Testing the method for their report this week, the investigators first created a multiplexed panel targeting eight mutations present in a commercially available reference sample from SeraCare.

Analyzing a total of 93 replicates from 1 percent to 0.031 percent allele fractions, alongside 16 wild-type samples, the team reported a sample-level sensitivity of 100 percent down to 0.125 percent AF, 87.5 percent for 0.063 percent AF samples, and 78.6 percent at 0.031 percent AF.

They followed this up with another experiment using 16 mutations in 56 reference sample replicates and were able to detect tumor DNA in all 1 percent AF samples, 87.5 percent of 0.03 percent AF samples, and 53 percent at 0.003 percent AF.

After various other analytical experiments, the group finally applied their approach to a set of patient samples, from 33 individuals with stage I to stage III breast cancer, of whom 22 were treated with neoadjuvant therapy.

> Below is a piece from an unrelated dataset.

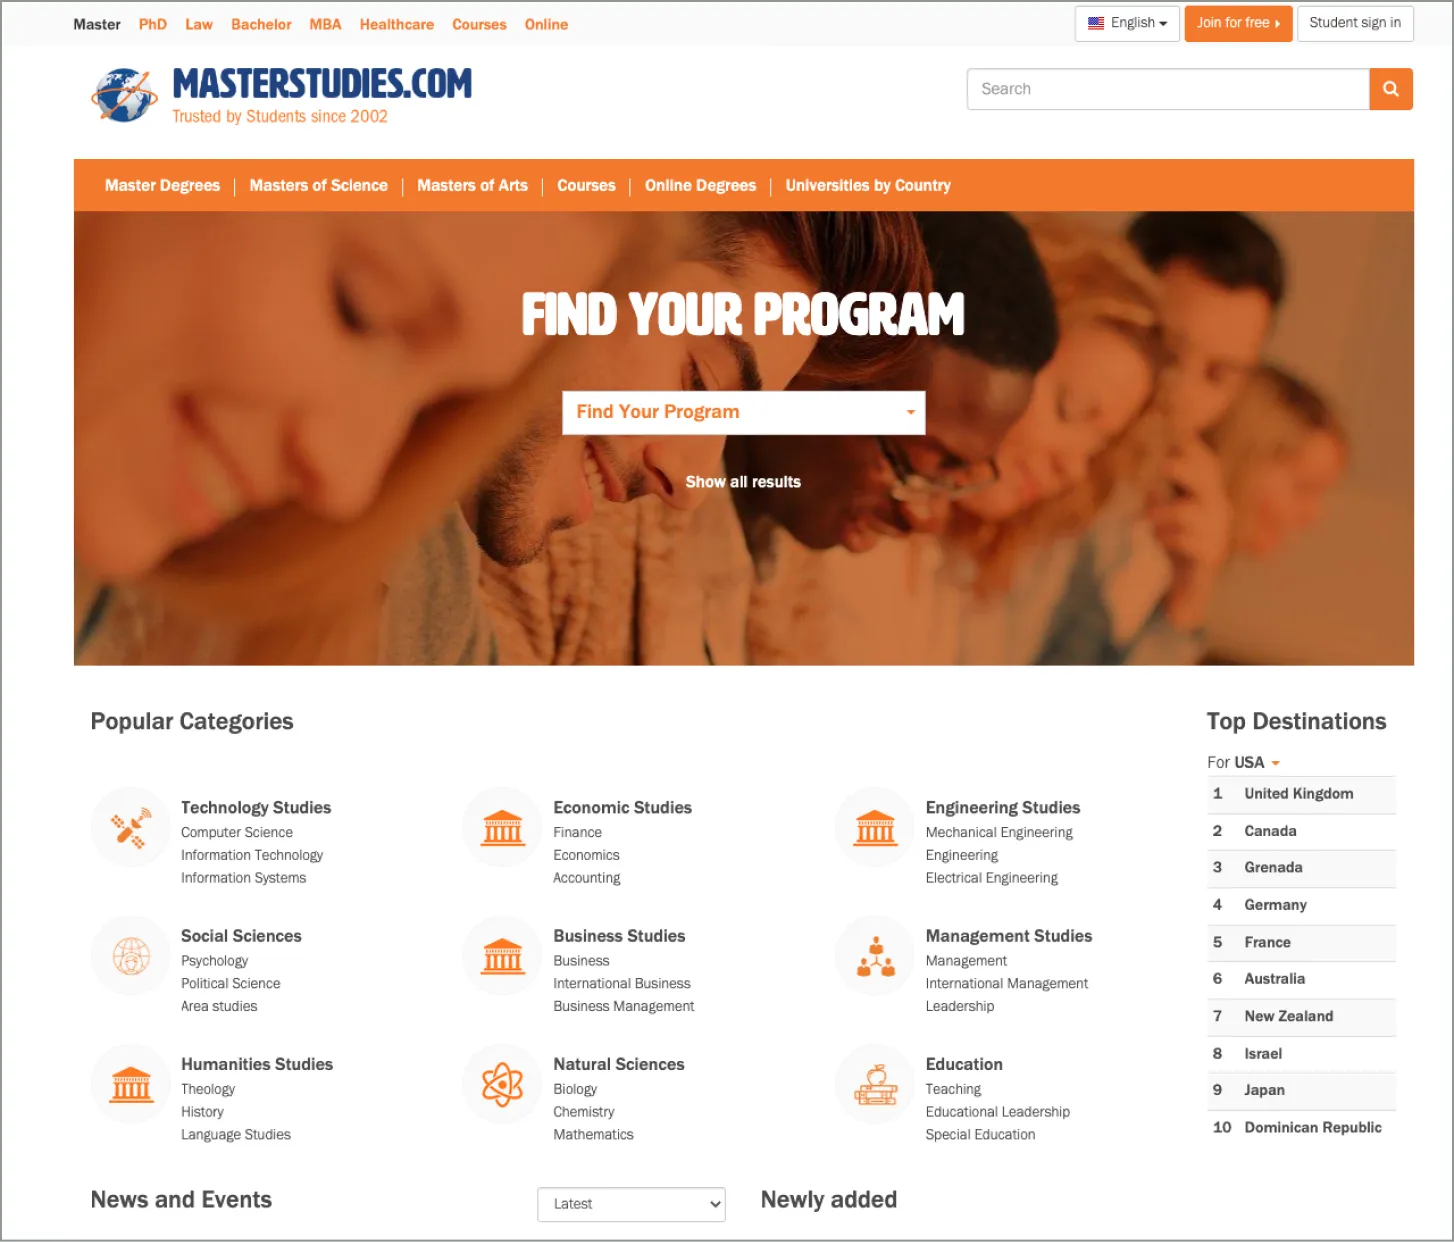 The old design of Masterstudies' main page.

Among the cohort, 24 had stage II disease and 30 of the 33 had invasive ductal carcinoma. The majority were diagnosed with ER+ HER2− tumors, with a few HER2+ and TNBC cases. Overall, the team tested 80 serial plasma samples (one to four per patient) and were able to create panels incorporating between six and 115 mutations depending on the patient.

Before treatment, the team detected ctDNA in 32 of 32 patients at tumor fractions of 0.002 to 1.06 percent. Plasma samples after completion of neoadjuvant treatment were available for 22 patients, of which 17 tested positive for residual ctDNA, including 12 of 13 patients with invasive or in situ residual disease and 5 of 9 patients with pathologic complete response.

Patients who did have detectable ctDNA after treatment showed tumor fractions ranging from 0.003 percent to 0.045 percent. The investigators also observed that ctDNA concentrations seen after neoadjuvant therapy were more than fivefold lower in patients who achieved pathologic complete response compared to those who didn’t.

In one patient with residual disease, TARDIS failed to detect ctDNA in the last blood sample taken after completion of therapy, which the authors wrote was likely due to a combination of limited plasma DNA available for analysis and a limited number of targets analyzed — just 11.

According to the authors, the results demonstrate a potential application of their described technology: to help avoid overtreatment of early-stage breast cancer patients by better confirming the efficacy of neoadjuvant therapy.

The issue of overtreatment is one that the authors argued is likely to become more relevant as "newer blood- and imaging-based early detection approaches gain credence."

"Our results suggest that blood-based residual disease testing during treatment can further help individualize the choice and extent of each treatment modality," the investigators wrote.

According to Murtaza, he and his colleagues are already working on a clinical validation that will hopefully recapitulate the results they saw in their study this week, as well as "identify and establish quantitative thresholds for minimal residual disease and response."

Having these types of defined cutoffs will be crucial for establishing how this type of monitoring could, or should, be used clinically. And that important clinical utility work, Murtaza said, will be a next step for his team after it completes its clinical validation.

"Future studies could evaluate whether the magnitude of early decrease in ctDNA concentration during neoadjuvant treatment is informative of therapeutic benefit, enabling adaptive treatment designs to rapidly identify systemic treatment options that work for individual patients," the study authors suggested, for example.

Such studies could potentially begin after the group completes this clinical validation, which they hope to do by the end of next year, Murtaza said.